5: HoMM gone 3D with a whole new publisher & everything. Surprisingly good, though the grand scale of the earlier games is chopped down to accommodate all the 3D-ness. All in all, I like it, but it's nowhere near as engrossing as the earlier titles. Combat maps are divided into squares instead of hexes, if that matters. (It really doesn't.)
6: Avoid like the plague, apparently... Ubi has saddled it with an "always-online" DRM scheme that is known to break your saves and do other random violence upon your hard-earned enjoyment. Sigh.

Posted by: GreyDuck at April 09, 2012 08:35 PM (Buiw/)

6 I am a big fan of this series, particularly the third one. Fun turn based 4x games.

I second most everything GreyDuck said. 2 is when the series really came together and established its identity. 3 extended the magic model significantly and added a lot of bells and whistles, and is my favorite.

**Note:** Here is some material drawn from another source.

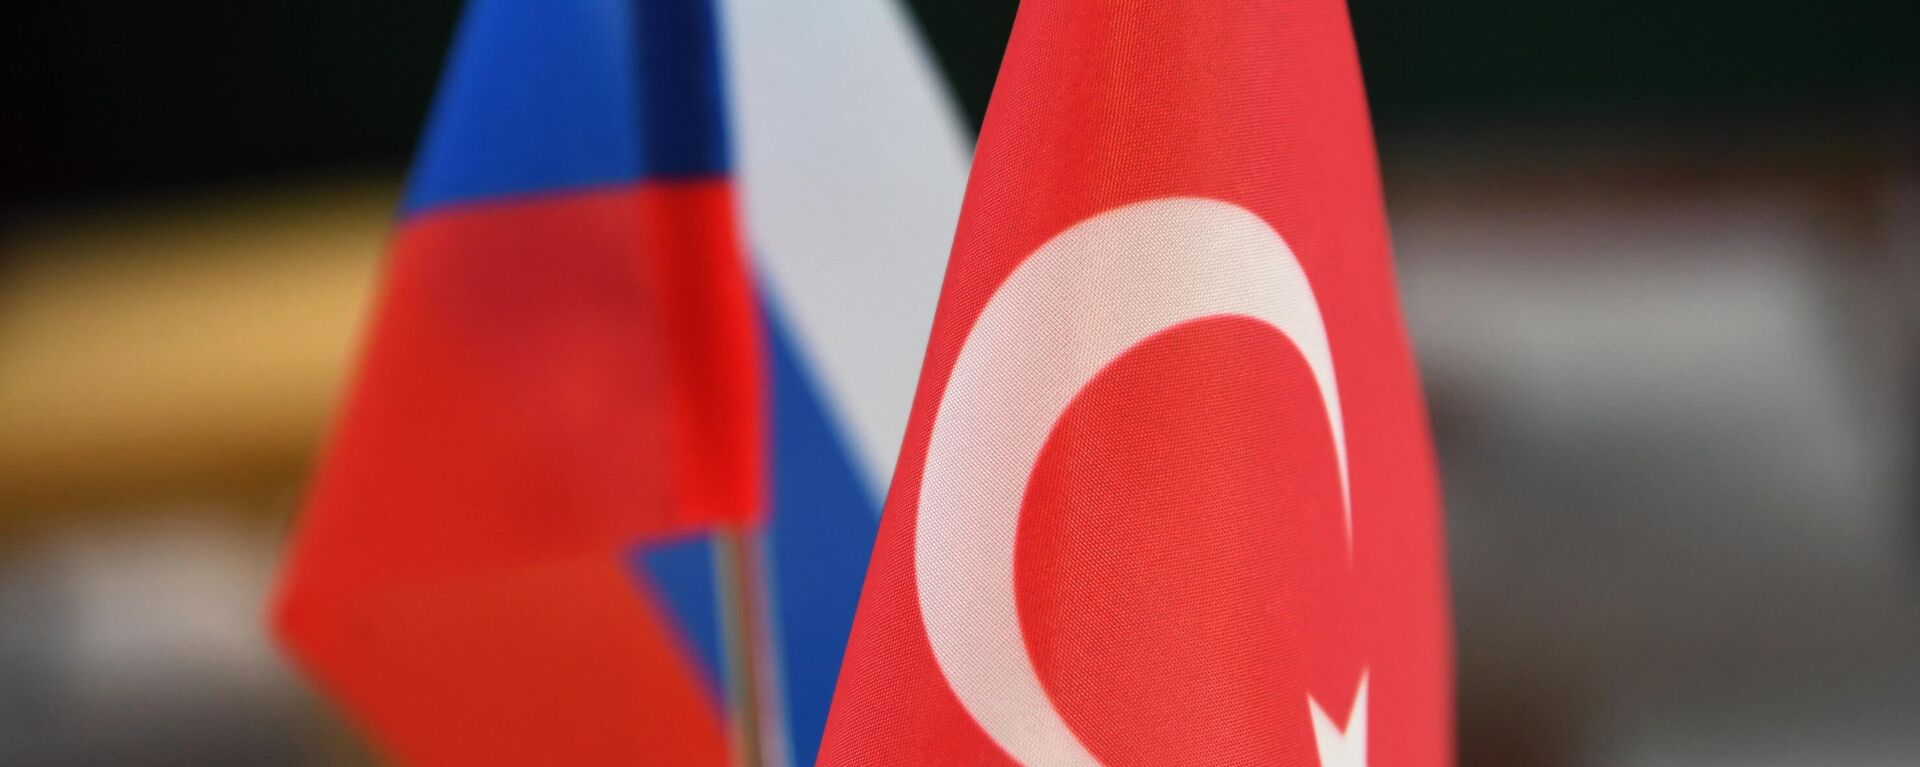 Banderas de Rusia y Turquía - Sputnik Mundo, 1920, 29.06.2022

Although I spent many, many, many happy hours playing 2 and the expansions for 2, 3 is the one I come back to every 18 months or so to play some more, just because it is so enjoyable.

I was one of the people who did not like 4 as well as the previous games, although it is still interesting. Putting the heroes directly on the battle field changed many aspects of the game in ways I did not like much.

I enjoy the balance and trade offs of deciding where to invest your limited resources: more heroes to have more actors on the field, economy for more resources in the future, more units to expand now, building up your towns for higher tier units later, pushing magic to turn your heroes into army-killing terrors. It definitely has that one-more-turn, watch your empire grow, hey how did it get to be 3 AM feel that characterizes really good games.

Posted by: haphazard1 at April 09, 2012 09:33 PM (9yBYR)

7 Play Heroes III with the utility, Heroes 3 HD. Other than allowing higher resolution support, it also includes a lot of small bug fixes, and even some additional features, all of which are optional.